The Best Way to Use Our Indicators
I often get asked by traders what is the best way to use a particular indicator. This is what I tell them:
The answer is... there isn't one right answer. There is no one-size-fits-all trading strategy for any of our indicators. There are a lot of factors that go into developing a trading strategy, and it is all based on your personal risk tolerance and preferences.
Many of our indicators give entry signals, but you can also use a combination of other filters or indicators as confirmation for entry. Once you get your entry signal, you then have the choice of entering all at once or scaling into the trade. And after you enter a trade, there are even more options for how you manage the trade. For example, targets, stops, trailing stops, exits based on price action or indicators, time stops, multiple lots, etc.

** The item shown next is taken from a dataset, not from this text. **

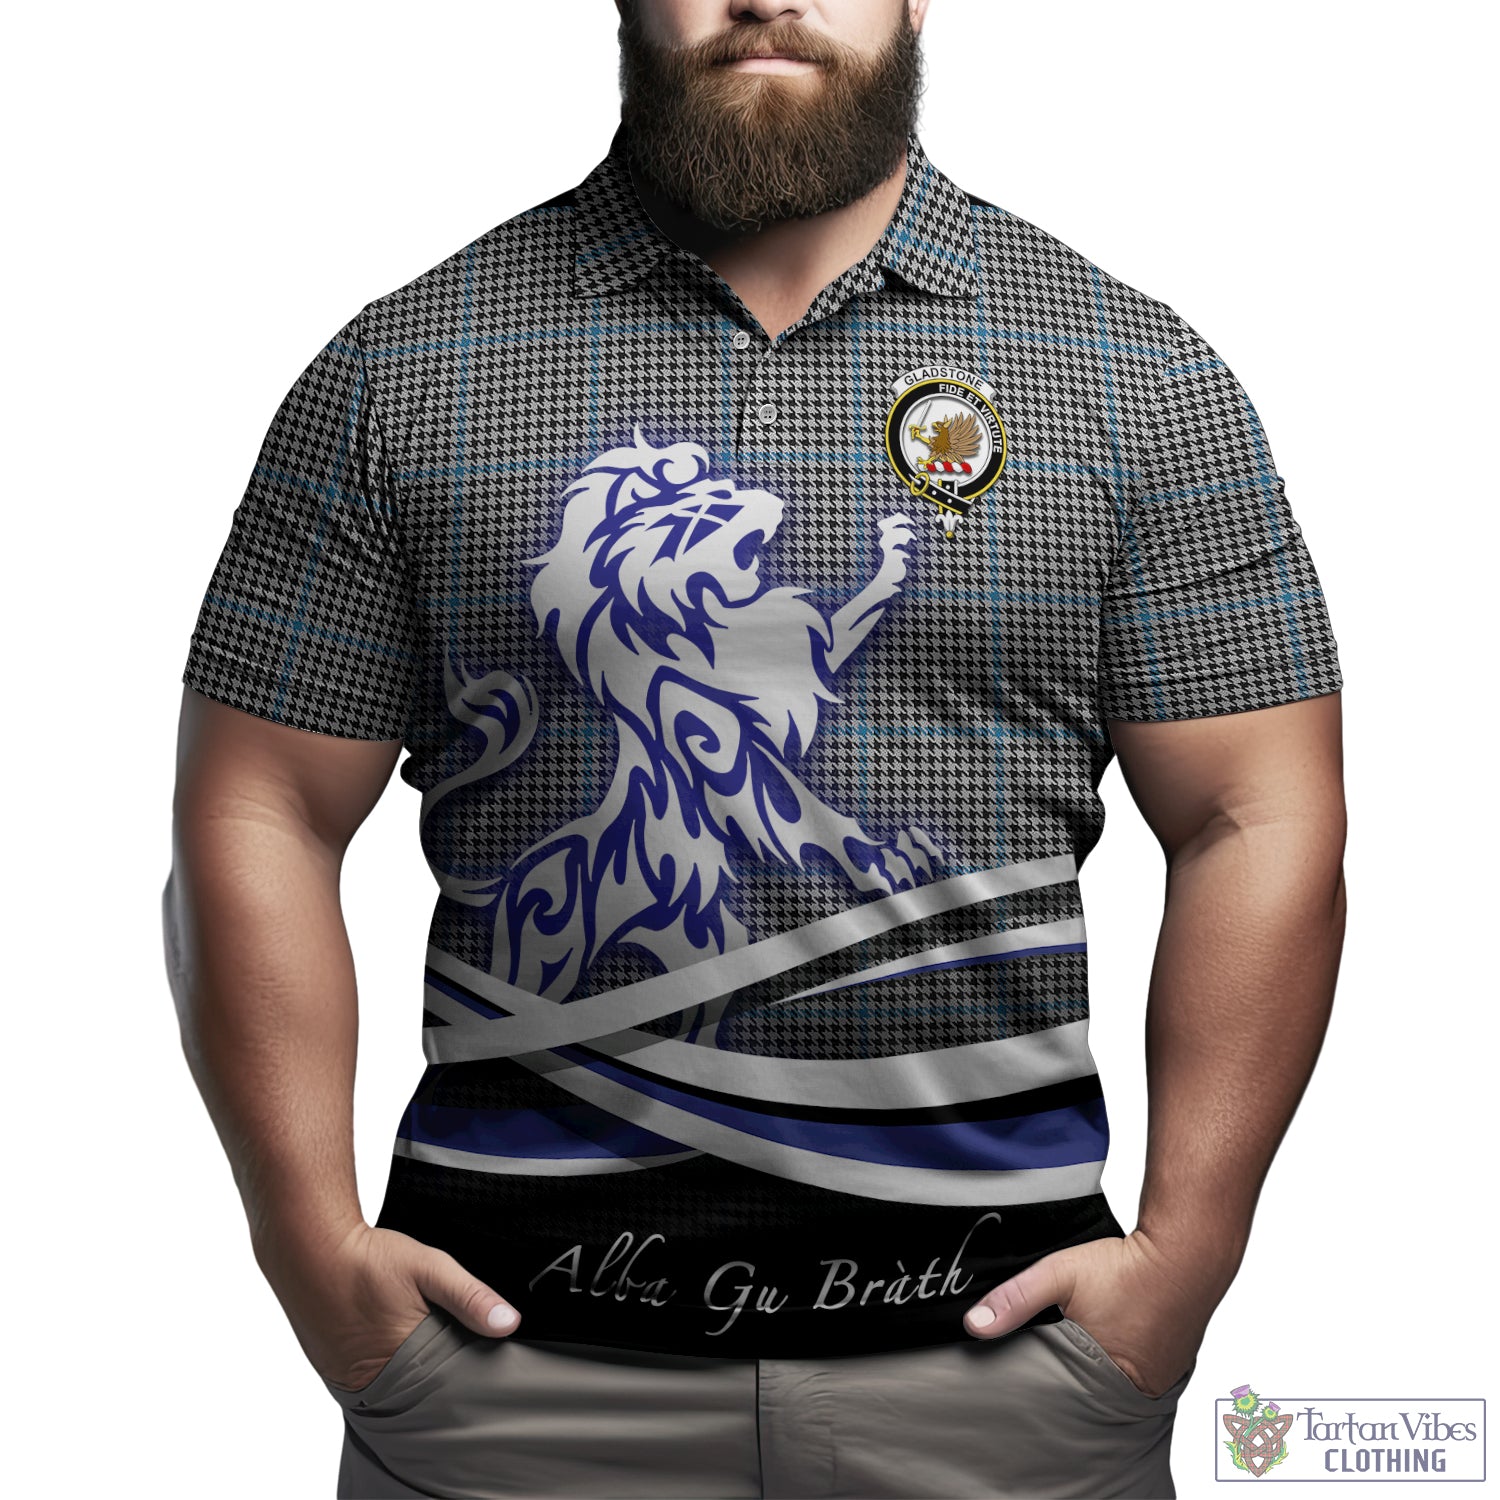 gladstone-tartan-polo-shirt-with-alba-gu-brath-regal-lion-emblem

All of these factors will differ depending on the time frame and market traded. Stocks behave differently than commodity futures, which behave differently than forex. Every market and time frame has different characteristics, and will require different risk management practices.
Because of all these factors, it is usually a good idea to backtest a trading strategy before trading it live. This will allow you to see what works and what doesn't, and even let you optimize the input parameters. If done right, backtesting gives you the opportunity to figure out a strategy that works in your chosen market with your particular set of indicators, given your particular risk tolerance and risk management practices.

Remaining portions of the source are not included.